The Goldilocks conditions.

Two decades of association with financial services and technology has gifted us with many friends who operate at the intersection of the two fields. When we sit down for a cup of coffee, get on the phone with each other or sit across on panels like the one hosted by the CFA society we all feel the common vibe. There is something in the air. Buzz, anticipation, electricity. The time is finally right for Fintech platforms to take off in Pakistan. In a discovery phase, different recipes are tried out to test traction and effectiveness. We would say a discovery phase would define us just right as a market.

It is a question of when, not if before some combination of talent, capital and resource stumbles upon the correct mix of ingredients we have been looking for. The mix that will make the payment ecosystem go critical.

If you can make it to the table before that happens, you will be in for a ride of a lifetime. If you don’t, you will miss the bus on one hundred million consumers starting afresh on their payments journey with their brand new mobile wallet applications.


The Fintech smackdown was organized on 18th December 2018 by the CFA Society of Pakistan in collaboration with The Nestio, PASHA technology incubator in Karachi.

The first panel included Shahid Mustafa from Telenor Bank, Faisal Khan from Faisal Khan and Co (Istanbul, Turkey) and Faizan Siddiqi from Interlink Multi Media.

Shahid was one of the three co-founders behind Tameer bank and recently returned to the rebranded Telenor bank to roll out his grand plan to get his mobile wallet in your pocket. Faizan is a well-regarded and respected technology industry investor and growth expert who is also a big believer in the transformative power of payments done right. Faisal Khan has been the man with numbers and insights when it comes to understanding financial services field research and making payments work in frontier markets. Faisal flew in specially for this event from Istanbul, where he is based these days.
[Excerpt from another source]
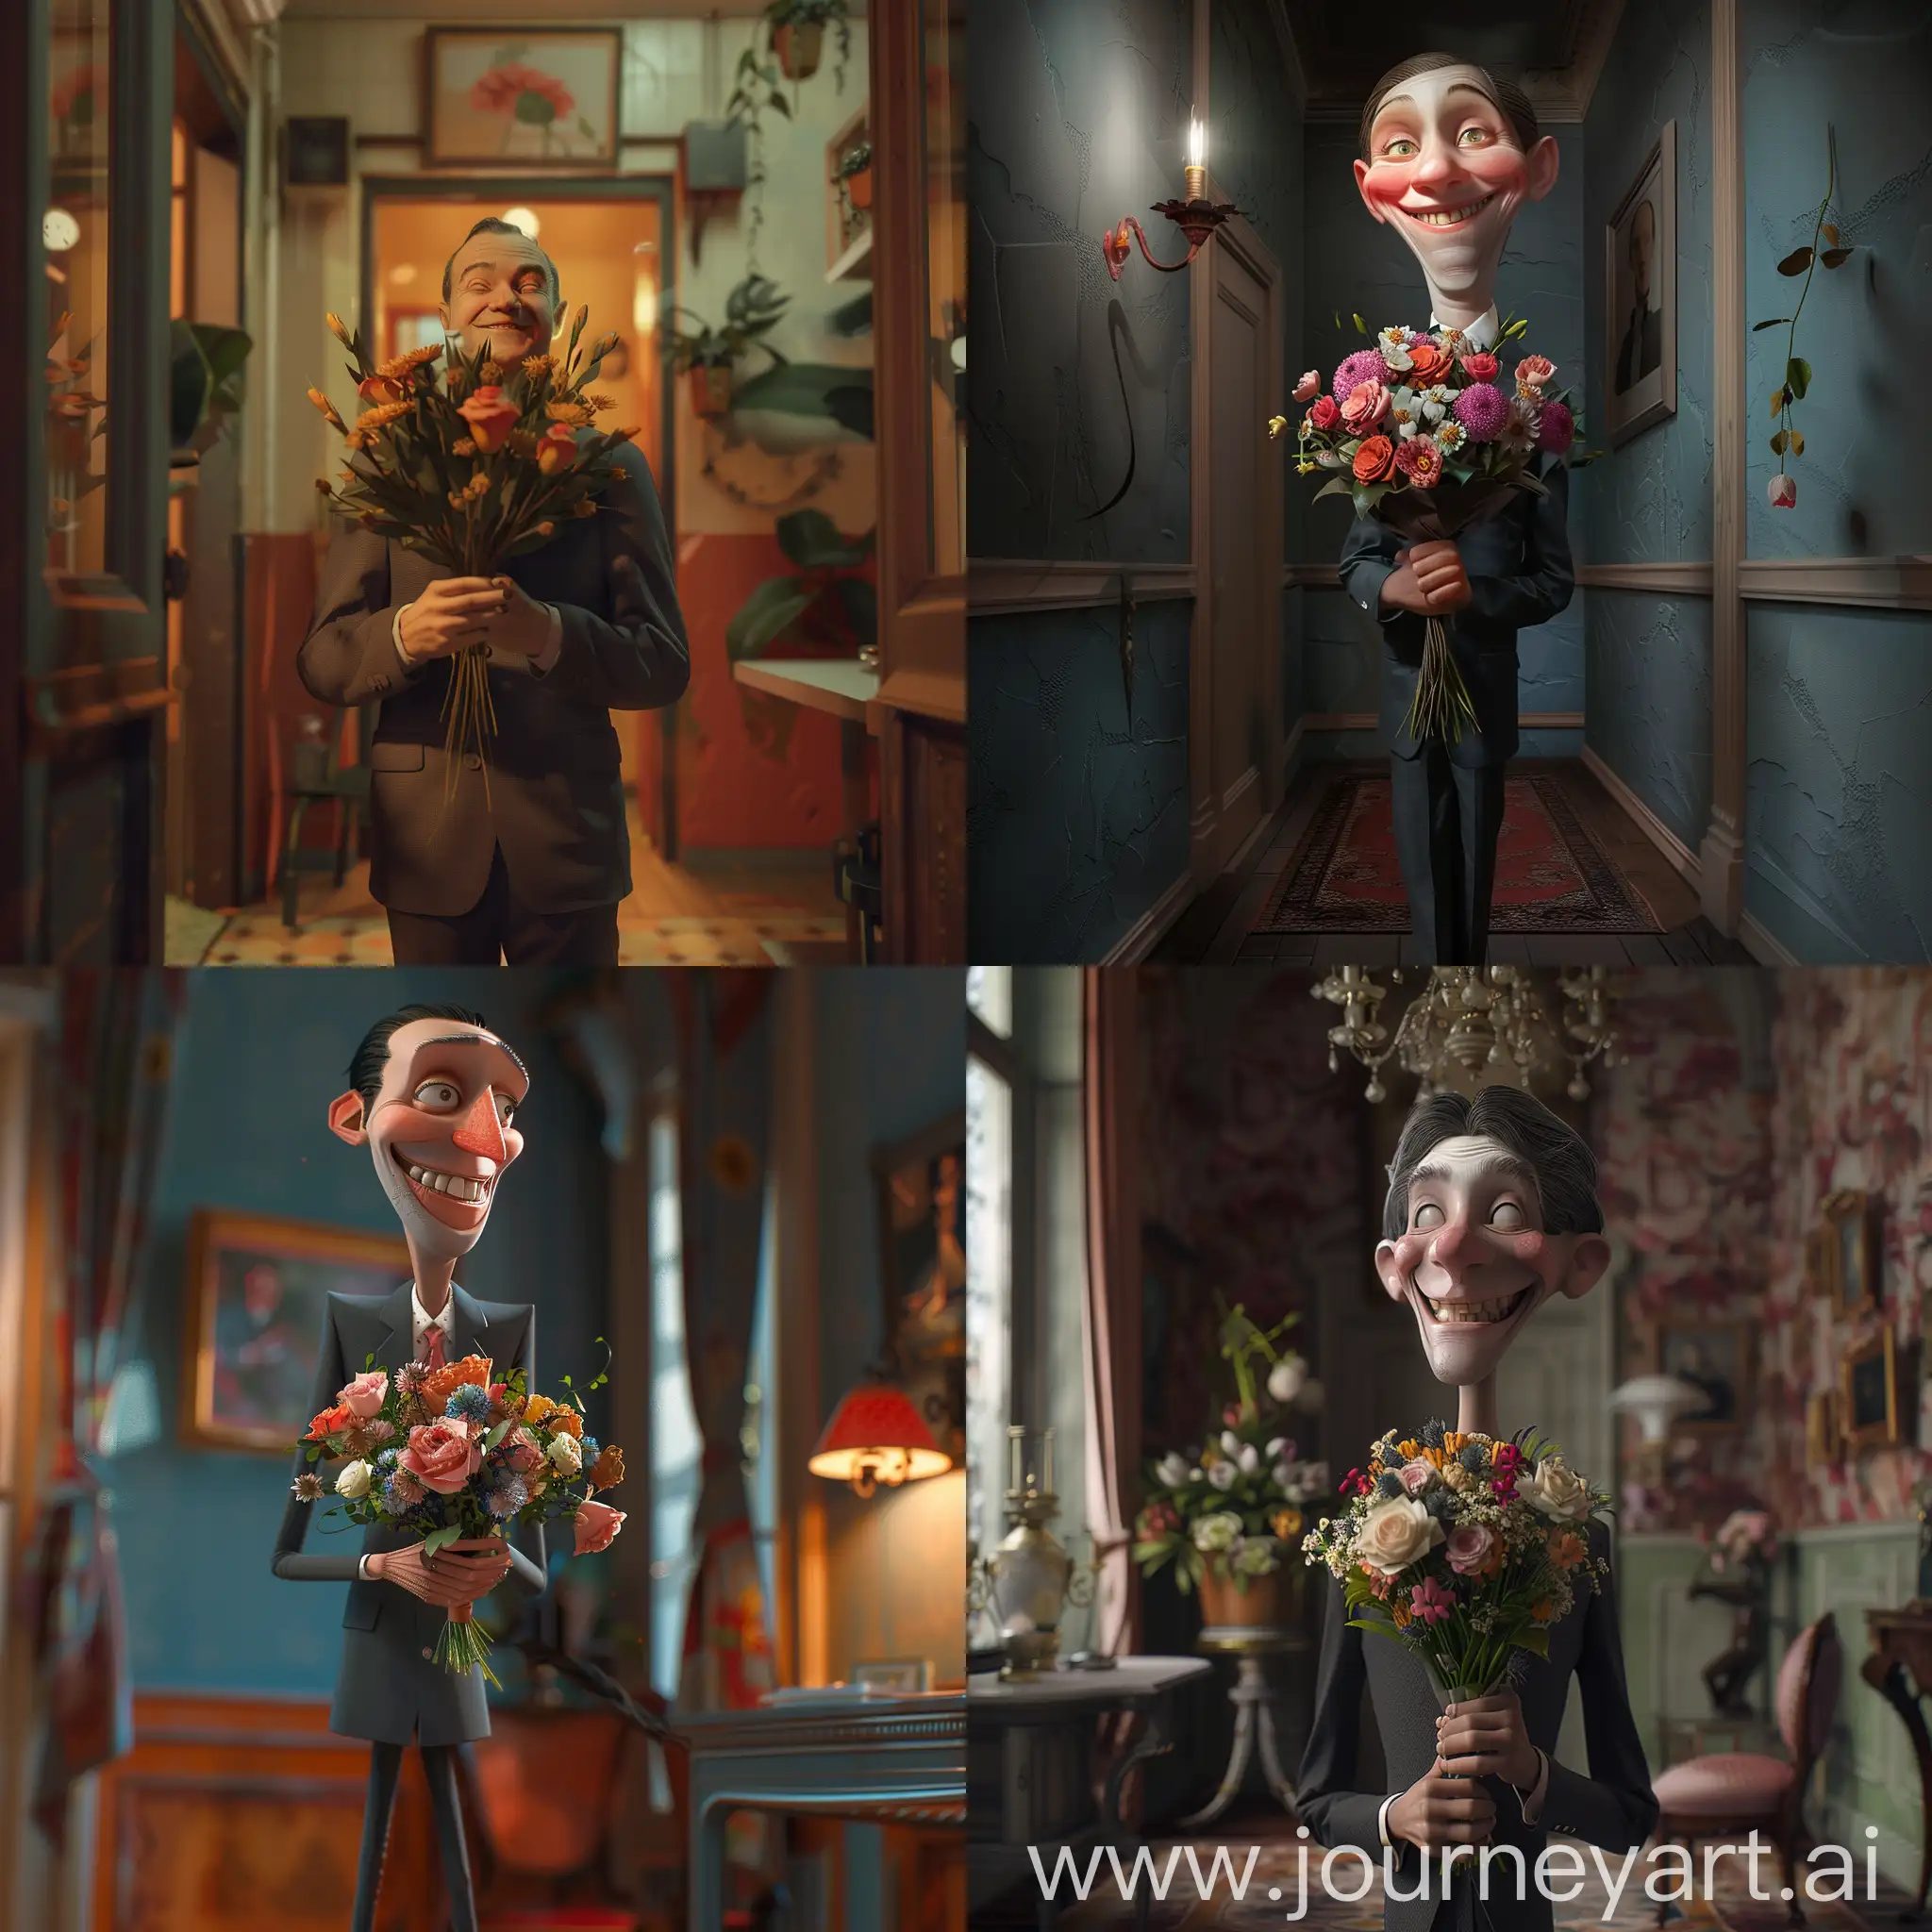 in the center of the image is a thin guy, you can see him from head to hips. The guy is dressed in a strict suit, he carefully holds a bouquet of flowers in his hands and smiles while looking at the viewer.  Photorealistic image of high quality

The second panel was moderated by Ali Farid Khawaja, a Fintech industry analyst who also runs a corporate investment fund out of London and has rebooted one of the oldest brokerage brands in Pakistan. Ali asked and posed tough questions and repeated went after the jugular of the two bankers on his panel. Atyab Tahir who runs the digital transformation team at HBL, the largest privately owned bank in Pakistan, and arguably the most forward looking. Omer Salimullah, who is in the process of setting up Pakistan’s first digital bank working within JS Group and also the key resource behind the Open api initiative at JS Bank. Omer and Atyab were accompanied by Zeeshan Nawaz from Securities and Exchange Commission Pakistan who is the Secretary of the commission task force on FinTech related initiatives.

After the two panels Dr. Inayyat Hussain, Executive Director from the State Bank of Pakistan took the stage, presented the perspective of the banking and payment systems regulator and answered a number of questions posed by the panelists and members of the audience.

We thank the CFA Society of Pakistan, The Nestio team, SBP and SECP for their patronage of the event. We are also indebted to the panelists who took time out of their schedule and shared their insights with the Fintech community of Pakistan. The views expressed here are their personal opinions and not a reflection or representation of their employers or their partners.